The associations penned the response for the European Commission, which had called for advice in 2006 on the introduction of new capital requirements and a new licensing regime that would be standard throughout the EU for firms that trade commodity derivatives. At the moment, some countries have some form of licensing and/or capital requirements, while others do not. Both the US and the UK have a fairly "light touch" regulatory regime for commodities businesses. Current EU rules include temporary exemptions for commodity firms that deal in commodity derivatives, but this exemption was set to change under the CRD and Mifid.
International Swaps and Derivatives Association (Isda) executives were optimistic about the potential outcome of EC thinking on any new commodity derivatives regulation. "We genuinely believe the commission has an open mind and is playing with a straight bat," says Isda's Brussels regulatory affairs liaison, Roger Cogan.
Isda penned the response along with the Futures and Options Association and the European Federation of Energy Traders.
Emmanuelle Sebton, head of risk management at Isda, says commodity derivatives firms should not be required to hold capital in a Basel II Pillar I-style arrangement, because the firms are not "systemic in the same way that financial services firms are". She argues that Pillar II and Pillar III rules should apply, so that firms are subject to review by home country regulators and must produce some risk disclosures for the public.

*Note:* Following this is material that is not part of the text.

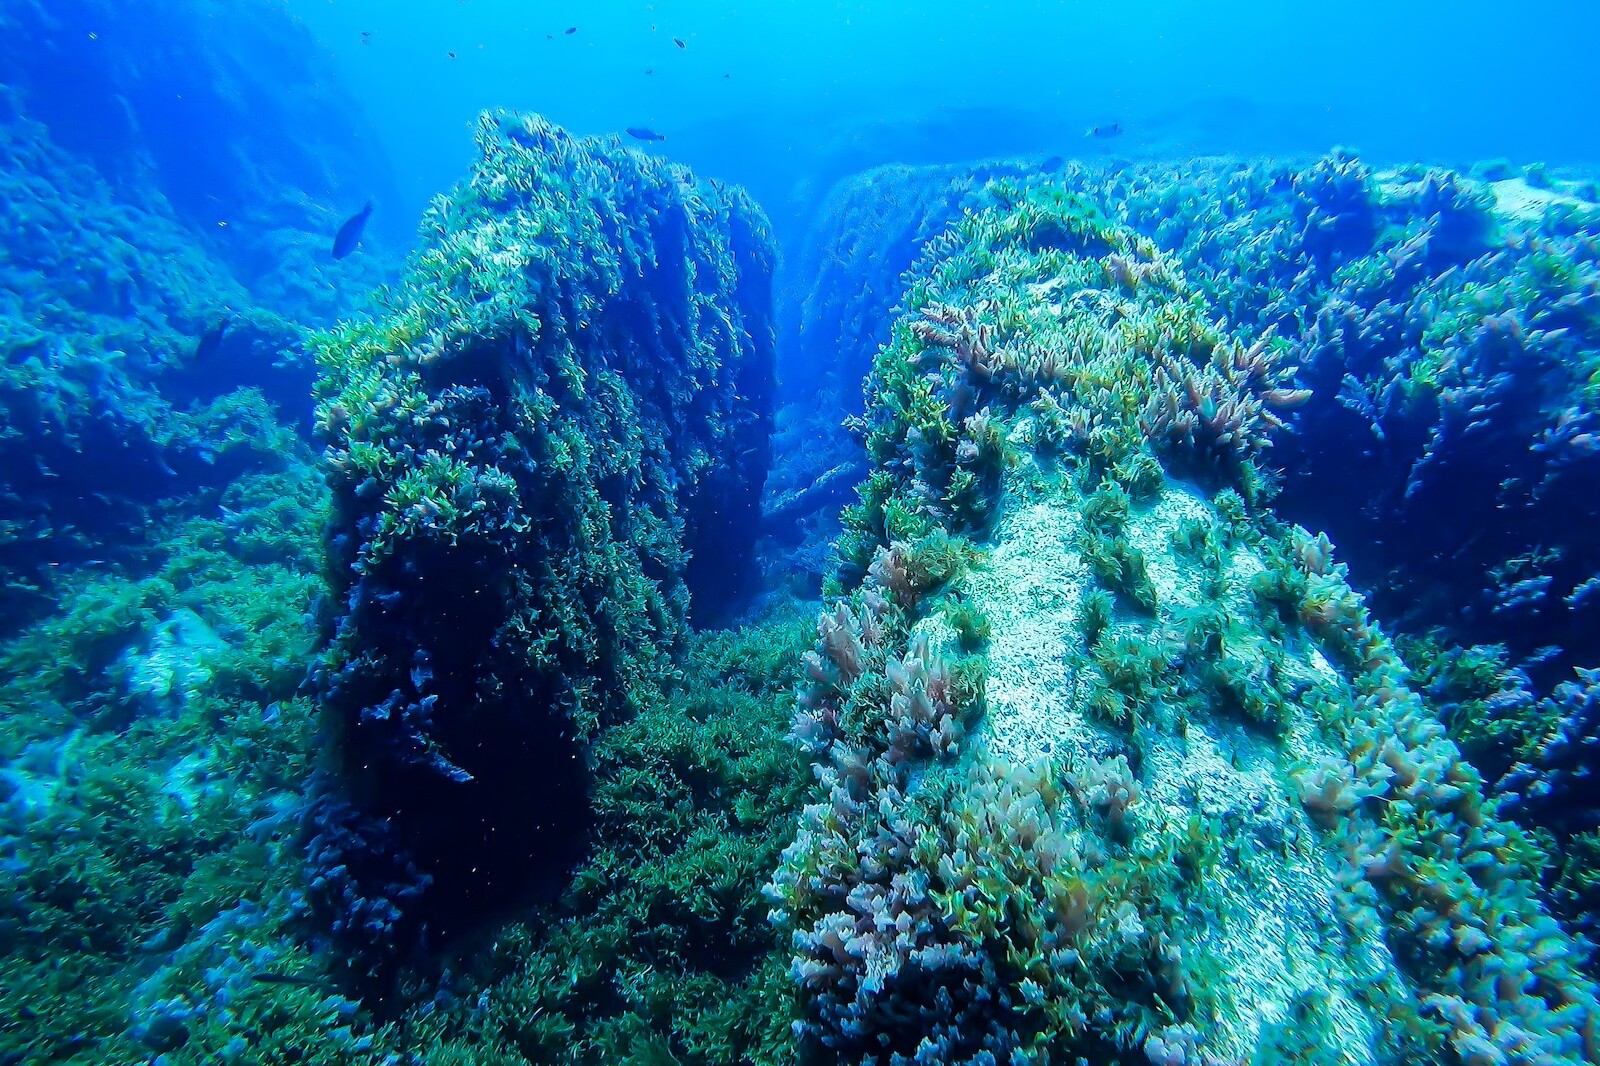 Benghisa Reef

Isda argues that requiring firms to hold capital could dent liquidity, and the lack of liquidity in the marketplace could increase levels of both credit and market risk.
However, a report by the Committee of European Banking Supervisors (CEBS) published in mid-June argues that the risks arising from commodities markets and other markets are the same, and that in the absence of risk mitigation, significant counterparty risk arises. The report also argues that while systemic risks exist, they vary widely across the various commodity markets and underlying products.
Cogan also argues that Mifid licensing rules should not apply as most counterparties to commodity derivative transactions are professional, and so the same focus on the protection of retail clients is not needed. The associations are arguing that the exemption in Mifid for commodity businesses remains.
CEBS is holding a hearing on the commodities business issue in early July, and the European Commission is planning its own hearing in the autumn. The EC is expected to produce a consultation document in the middle of 2008, with proposals – if any – coming at the end of 2008. The Committee of European Securities Regulators is also reviewing the subject of commodity derivatives.